Échos
Chorégraphie : Guillaume Côté
Musiques : Éric Champagne
Le Festival des Arts de Saint-Sauveur 2020 dans son édition numérique Une solitude partagée se termine. Cette fois, le directeur artistique de la manifestation l’étoile Guillaume Côté sublime le dernier film proposé en ligne intitulé Échos en tant que chorégraphe et interprète, sur une musique pour piano d’Éric Champagne jouée par le Directeur de l’Orchestre métropolitain Yannick Nézet-Séguin. Pour le compositeur, le poids de la contrainte à regarder la vie et le soleil par la fenêtre « comme les personnages du peintre Edward Hopper » s’allège grâce à cette initiative créative de Guillaume Coté.
La syntonie entre la danse et la musique se révèle prégnante, touchant nos cordes émotionnelles. D’ailleurs, le pianiste Yannick Nézet-Séguin exprime ses réflexions sur cette collaboration artistique à l’unisson en précisant que « on ne se perd pas dans qui on est individuellement, mais on partage, on fait un pont avec l’autre, ce qui ne veut pas dire se fusionner avec l’autre non plus ».
Cette idée marque effectivement le début de la création : Guillaume Côté et le pianiste, l’un à côté de l’autre, contemplent en surplomb depuis une scène installée sur l’un des monts des Laurentides, la merveilleuse forêt boréale de Saint-Sauveur. Le ciel nuageux, presque menaçant, surmonte le vaste paysage évoquant l’atmosphère romantique des tableaux du peintre allemand Caspar David Friedrich (1774-1840). Les deux artistes échangent un regard puis un sourire et leur alchimie surgit. Le pianiste prend place et le danseur effleure le piano comme pour matérialiser cette communion entre les deux arts, la musique et la danse.
Les vibrations des premières notes du piano inspirent un premier envol de Guillaume Côté qui, comme un aigle royal, développe son port de bras.

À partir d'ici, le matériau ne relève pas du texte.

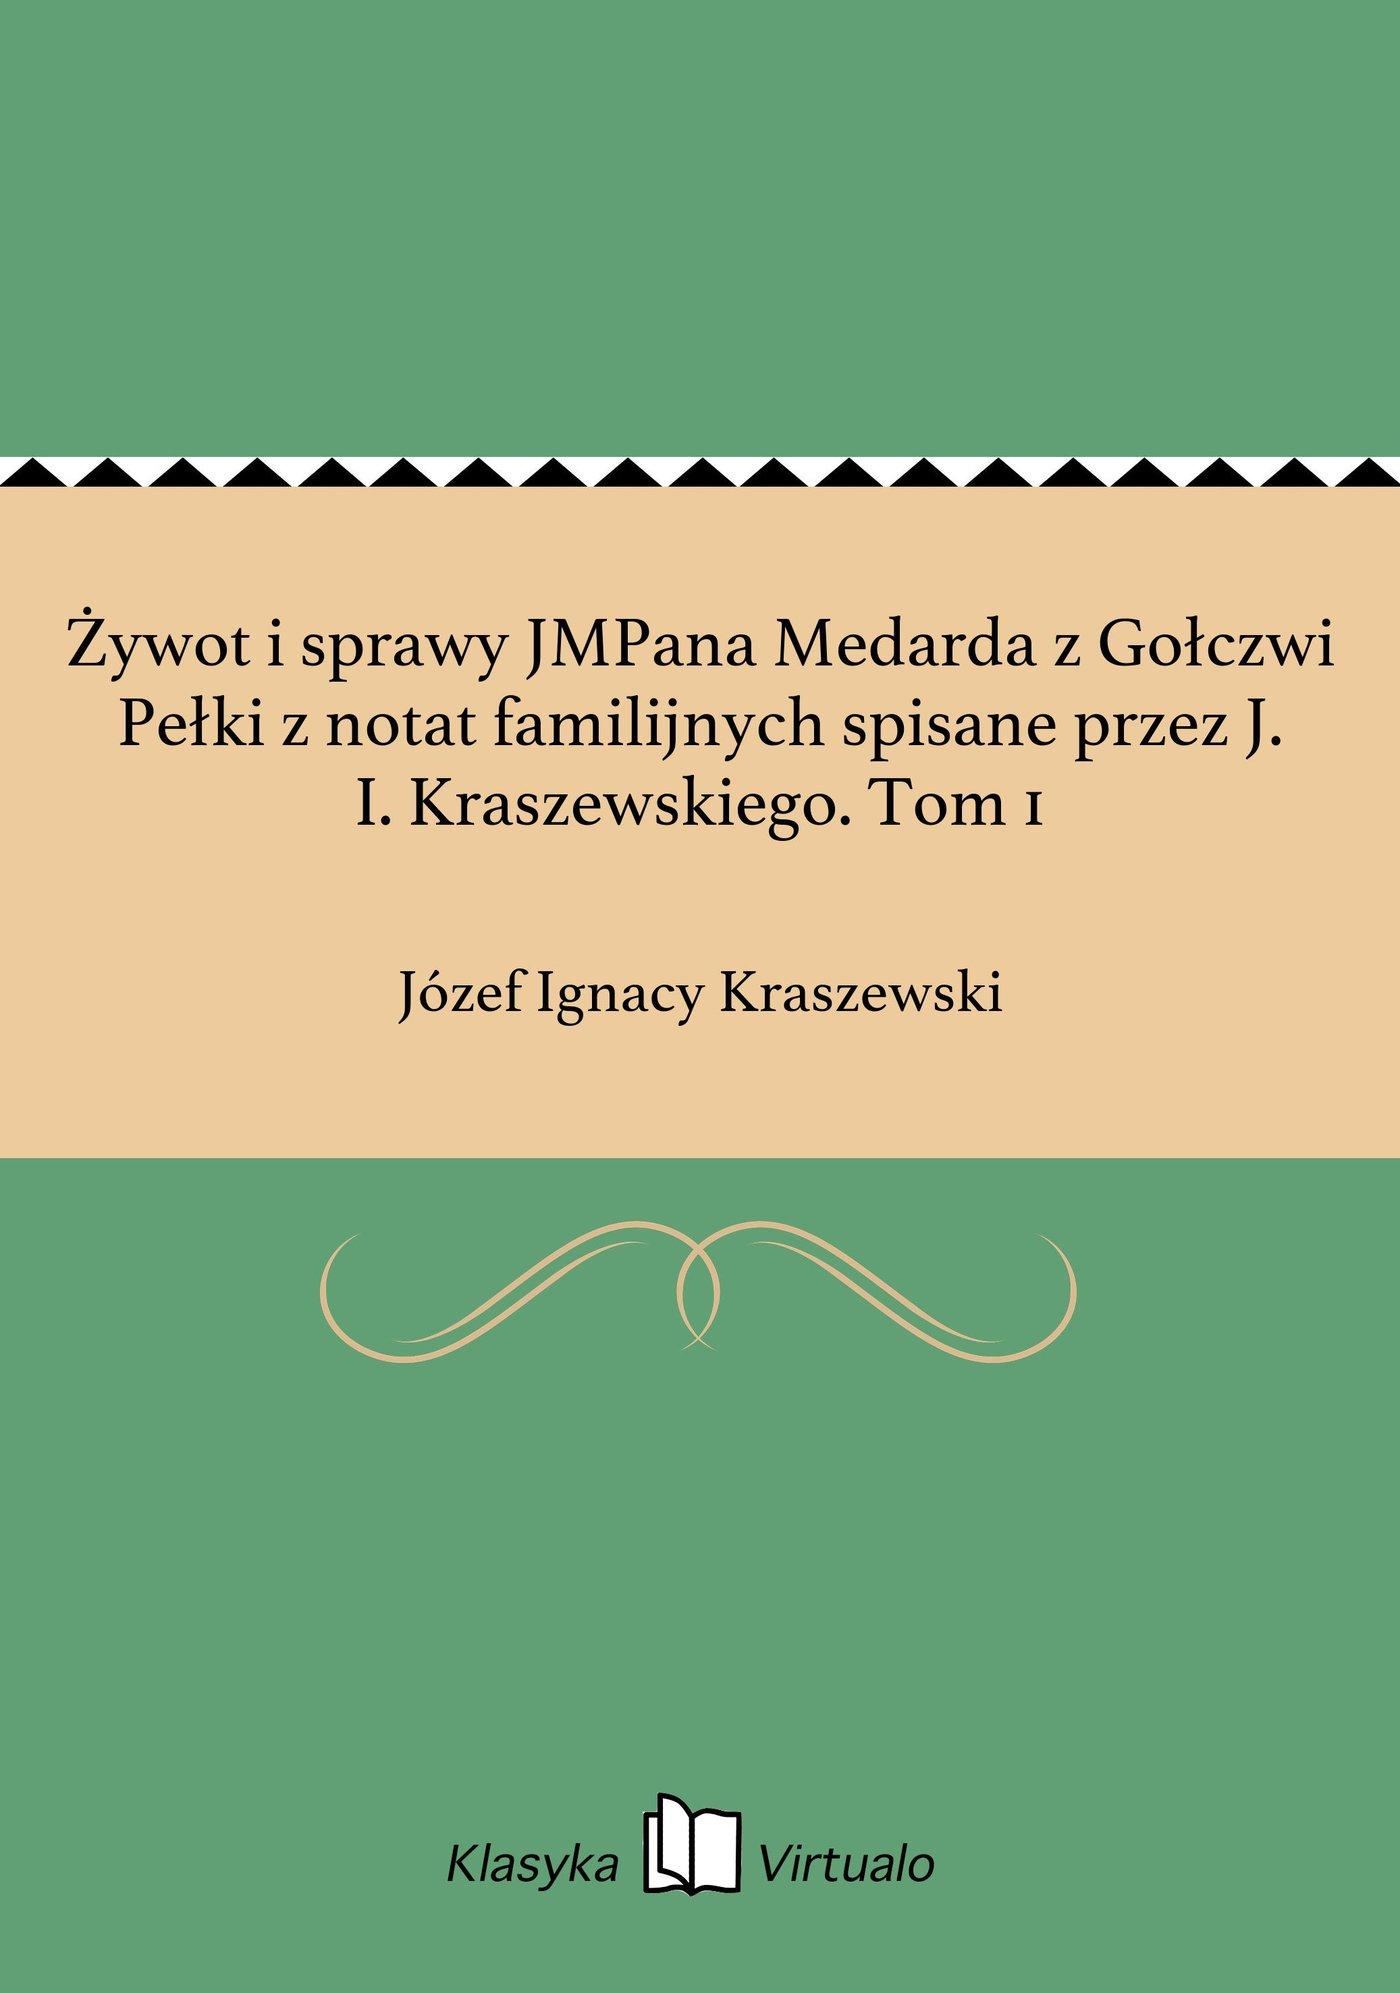 Żywot i sprawy JMPana Medarda z Gołczwi Pełki z notat familijnych spisane przez J. I. Kraszewskiego. Tom 1 - Ebook (Książka EPUB) do pobrania w formacie EPUB

Il tente, avec une série de pas avant-arrière successifs de s’éloigner de l’instrument, mais en même temps la résonance des deux notes musicales qui se répètent constitue un rappel, une exhortation à poursuivre ce dialogue. La musique caractérisée par une structure rythmique complexe inspire Guillaume Côté qui livre une danse à la fois libre et très codifiée où ses lignes d’étoile classique sont mises en valeur. La pureté de ses premiers passages chorégraphiques nous laisse imaginer la figure d’un nouvel Apollon, le dieu des Arts. Une attitude en douceur suivie d’un tour majestueux constitue le prélude à un geste d’ouverture vers le ciel où la silhouette se fige dans une pose statutaire.
La gravité de la sonorité des notes qui suivent contraste avec la légèreté et la fluidité de la séquence de pas qui suit : petits déplacements latéraux, pirouette, tour en attitude pendant lesquels le danseur impose sa force et son élégance sans jamais abandonner le rapport intime à la musique. Avec un sens du respect, il s’adresse au pianiste en le regardant intensément. La partition musicale se développe avec des mesures sémantiquement plus riches, inspirant des passages dansés plus dynamiques et plus voyagés dans l’espace. Une nouvelle et brève pause est propice à un autre moment de rapprochement et de contacts silencieux.
Une course libre circulaire autour du piano symbolise un embrasement et une forme d’internalisation du corps du danseur dans la musique. La même scène se répète quelques instants après, accentuée par une série de grands jetés en l’air ; l’aigle qui avait déployé ses ailes s’envole sur l’accélération de la musique. Il se pose et fixe son regard pensif vers de nouveaux chemins : en promenade attitude, il domine tout le paysage à 360 degrés.
Mais, à nouveau, la mélodie des notes qui s’enchainent rythmiquement comme scandées par un métronome amène le danseur à retrouver son âme jumelle, point de départ de cette création. Avec une série de piqués arabesques tendres, il rejoint le piano et les deux artistes se retrouvent en miroir l’un face à l’autre, enrichis par cette rencontre et leurs échanges en écho.
Le Festival des Arts de Saint-Sauveur s’achève après avoir offert gratuitement à son public, pendant deux mois, dix créations autour du thème de la solitude liée à la période du confinement, résultat de collaborations étroites des chorégraphes, des danseurs et des musiciens, avec pour seul témoin ou seul spectateur la Nature.
Rencontres, réflexions, solos en plein air dans les magnifiques paysages des Laurentides et découvertes poétiques des cours d’eau bordés de sapins, roches plates, terre moussue, sous-bois et cimes des arbres… ces « partenaires chorégraphiques », ont été possibles grâce aux tournages de ces films et à l’engagement passionnant de tous les artistes.